A lite variant of the rule block is pushed onto every subagent's system prompt by the same `system.transform` hook, so even a subagent spawned without the marker still knows the envelope contract (`gitnexus_list_repos` for self-discovery if the orchestrator forgot the marker) and the tool preference list. The marker controls only whether the **per-instance repo data** is delivered as a user-message envelope.

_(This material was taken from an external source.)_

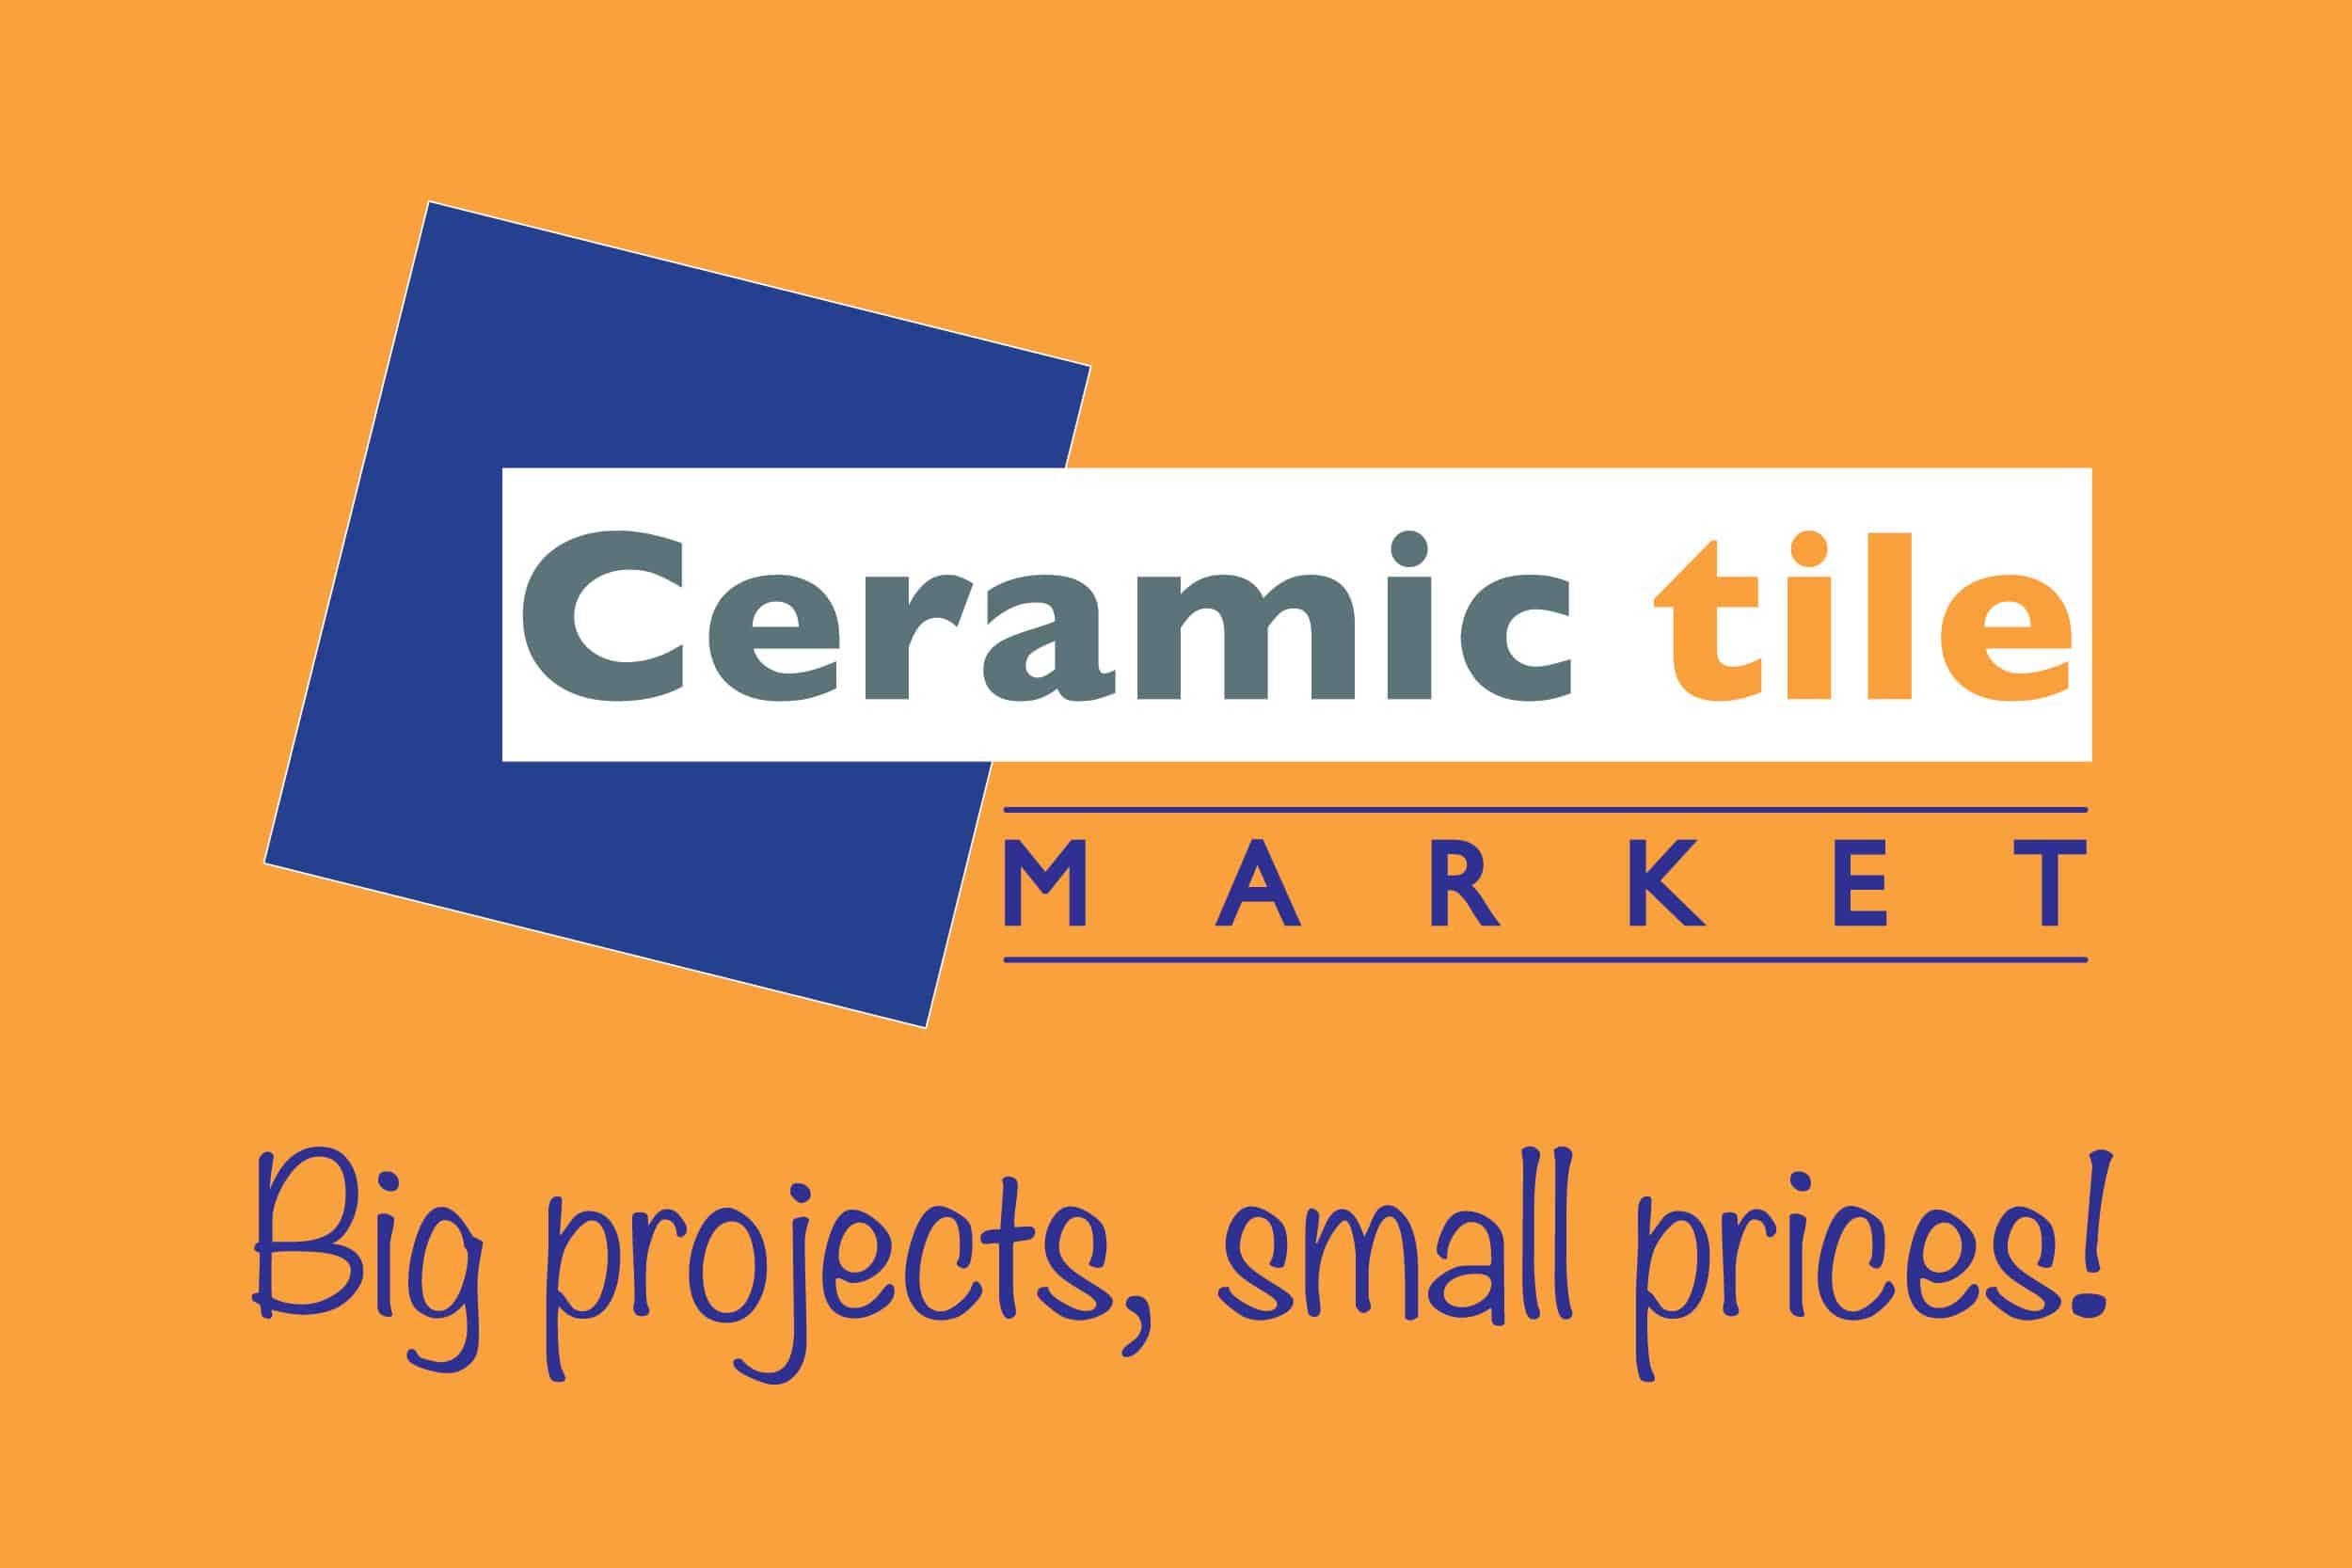 emc tiles ceramic tile market adhesives, tiling tools, floor wall tiles, clearance, underfloor heating

**Example spawn (from a main agent):**

```
task(
  subagent_type="explore",
  prompt="[[gitnexus:graph]] List every caller of buildEnvelope in the repo"
)
```

Inside the spawned subagent the prompt becomes:

```xml
<gitnexus_graph source="gitnexus" version="2" freshness="up_to_date">
<summary>Code knowledge graph is available. Graph is current.</summary>
<indexed_repos>
<repo name="myproj" path="/Users/me/code/myproj"/>
</indexed_repos>
<rules>See the GitNexus section of the system prompt for tool preference and subagent propagation rules (marker [[gitnexus:graph]]).</rules>
</gitnexus_graph>

List every caller of buildEnvelope in the repo
```

The marker itself is gone — the subagent only sees the envelope and the cleaned prompt.

## Uninstall

Remove `~/.config/opencode/plugins/gitnexus-opencode.js` and restart OpenCode.

If you added GitNexus permissions to `opencode.json`, remove the `gitnexus_query`, `gitnexus_context`, `gitnexus_impact` entries from the `permission` object.

If your orchestrator prompts contain literal `[[gitnexus:graph]]` markers, those become harmless inert text once the plugin is removed. You can leave them or strip them at your convenience.

For full cleanup see [UNINSTALL.md](./UNINSTALL.md).